Multi language database encoding in search engine


You have several issues to solve to make this work correctly.

First, you've chosen the utf8 character set to hold all your text. That is a good choice. If this is a new-in-2016 application, you might choose the utf8mb4 character set instead. Once you have chosen a character set your users should be able to read your text.

Second, for the sake of searching and sorting (WHERE and ORDER BY) you need to choose an appropriate collation for each language. For modern German, utf8_general_ci will work tolerably well. utf8_unicode_ci works a little better if you need standard lexical ordering. Read this. http://dev.mysql.com/doc/refman/5.7/en/charset-unicode-sets.html

For modern Spanish, you should use utf8_spanish_ci. That's because in Spanish the N and Ñ characters are not considered the same. I don't know whether the general collation works for Turkish.

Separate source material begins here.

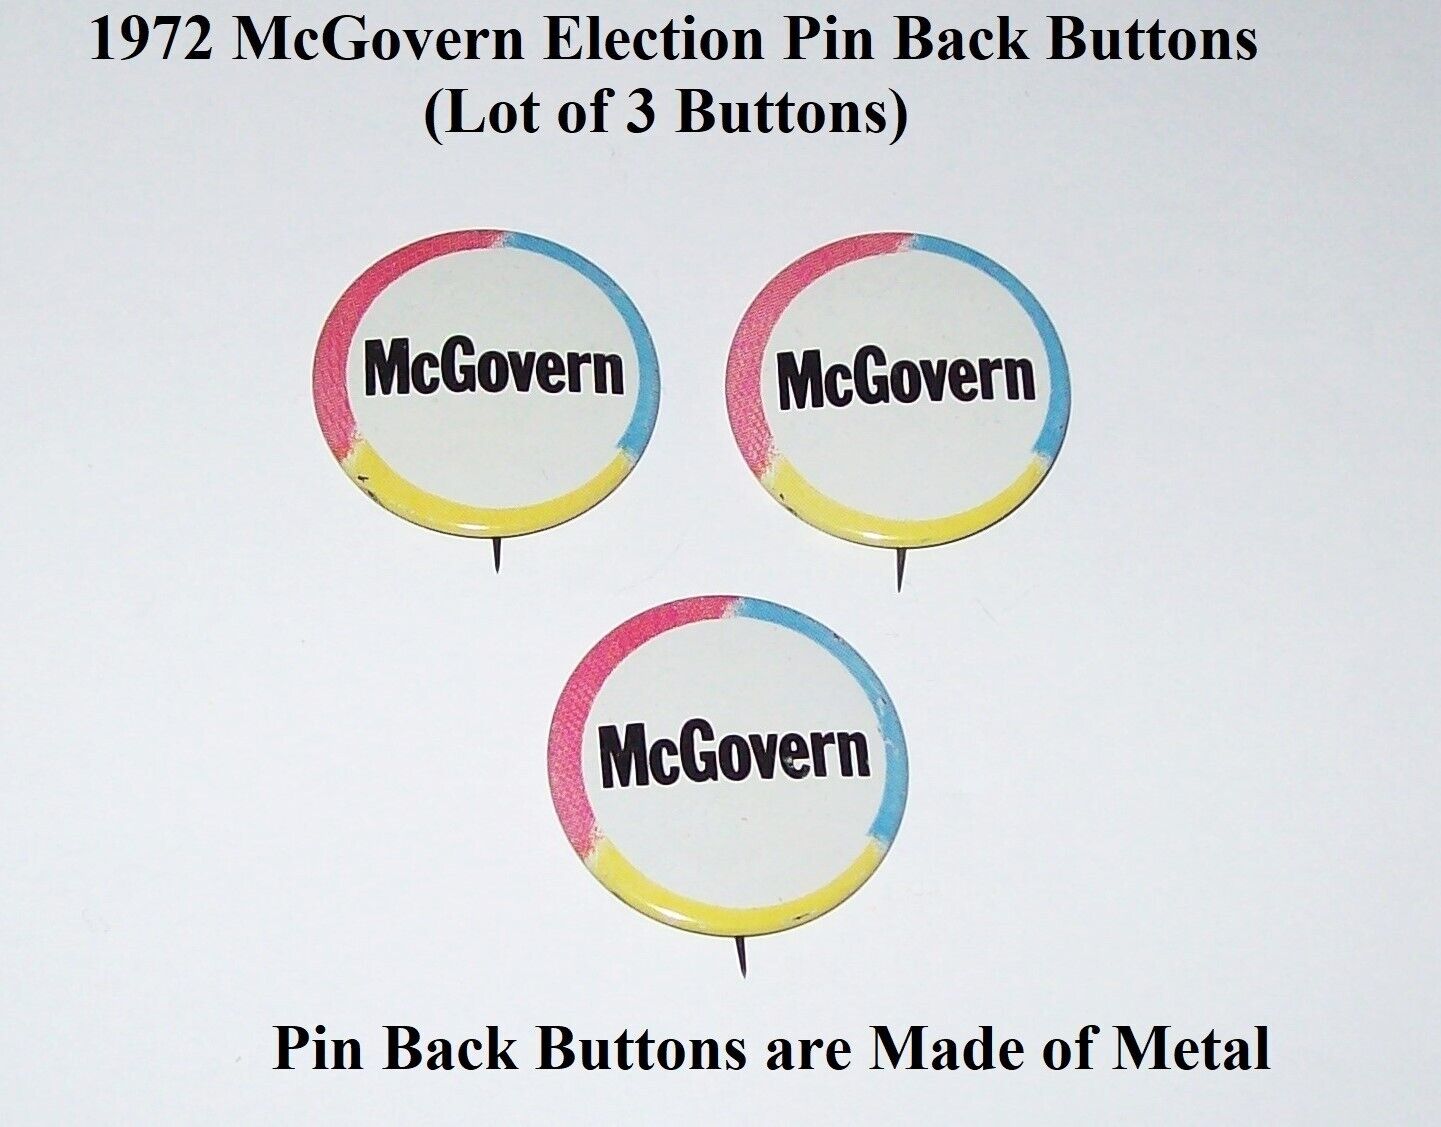 George McGovern 1972 Election Pin Back Buttons ( Lot of 3 Buttons)
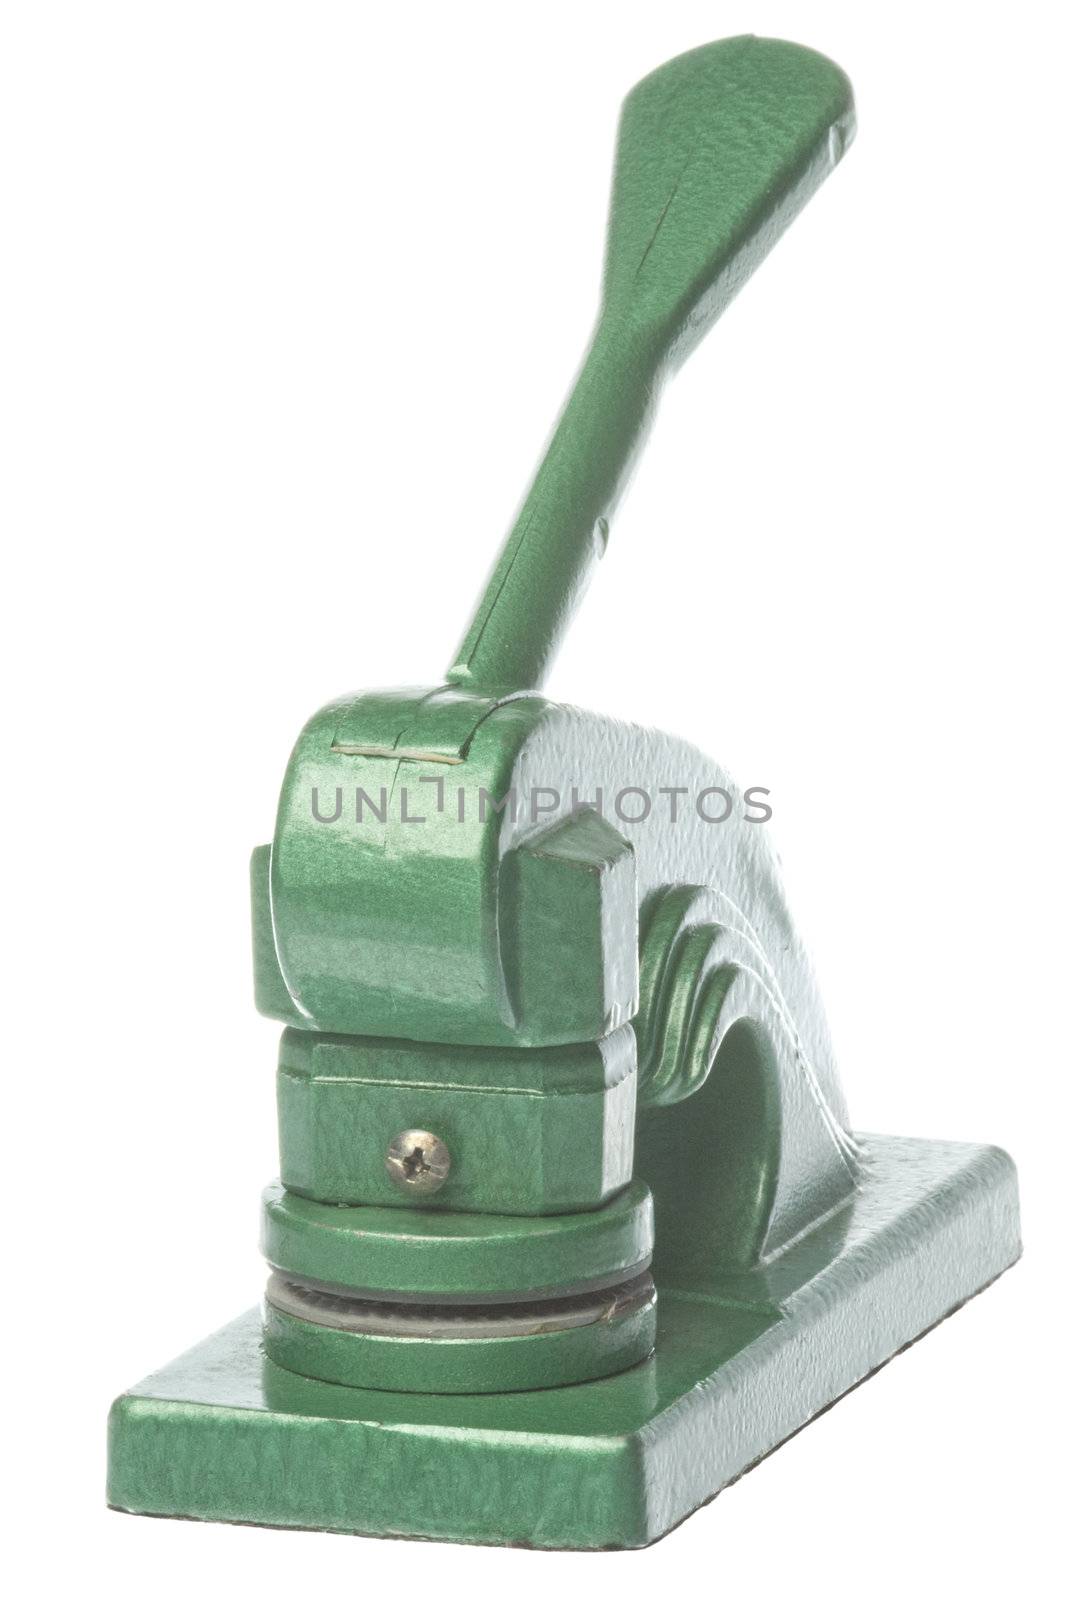 Isolated image of a devise for affixing the company's common seal.

Notice that you seem to have confused the notions of character set and collation in your question. You've mentioned a collation with your Turkish column and a character set with your German column.

You can explicitly specify character set and collation in queries. For example, you can write

    WHERE _utf8 'München' COLLATE utf8_unicode_ci = table.name;

In this expression, _utf8 'München' is a character constant, and

   constant COLLATE utf8_unicode_ci = table.name

is a query specifier which includes an explicit collation name. Read this.http://dev.mysql.com/doc/refman/5.7/en/charset-collate.html

Third, you may want to assign a default collation to each language specific column. Default collations are baked into indexes, so they'll help accelerate searching.

Fourth, your users will need to use an appropriate input method (keyboard mapping, etc) to present data to your application. Turkish-language users hopefully know how to type Turkish words.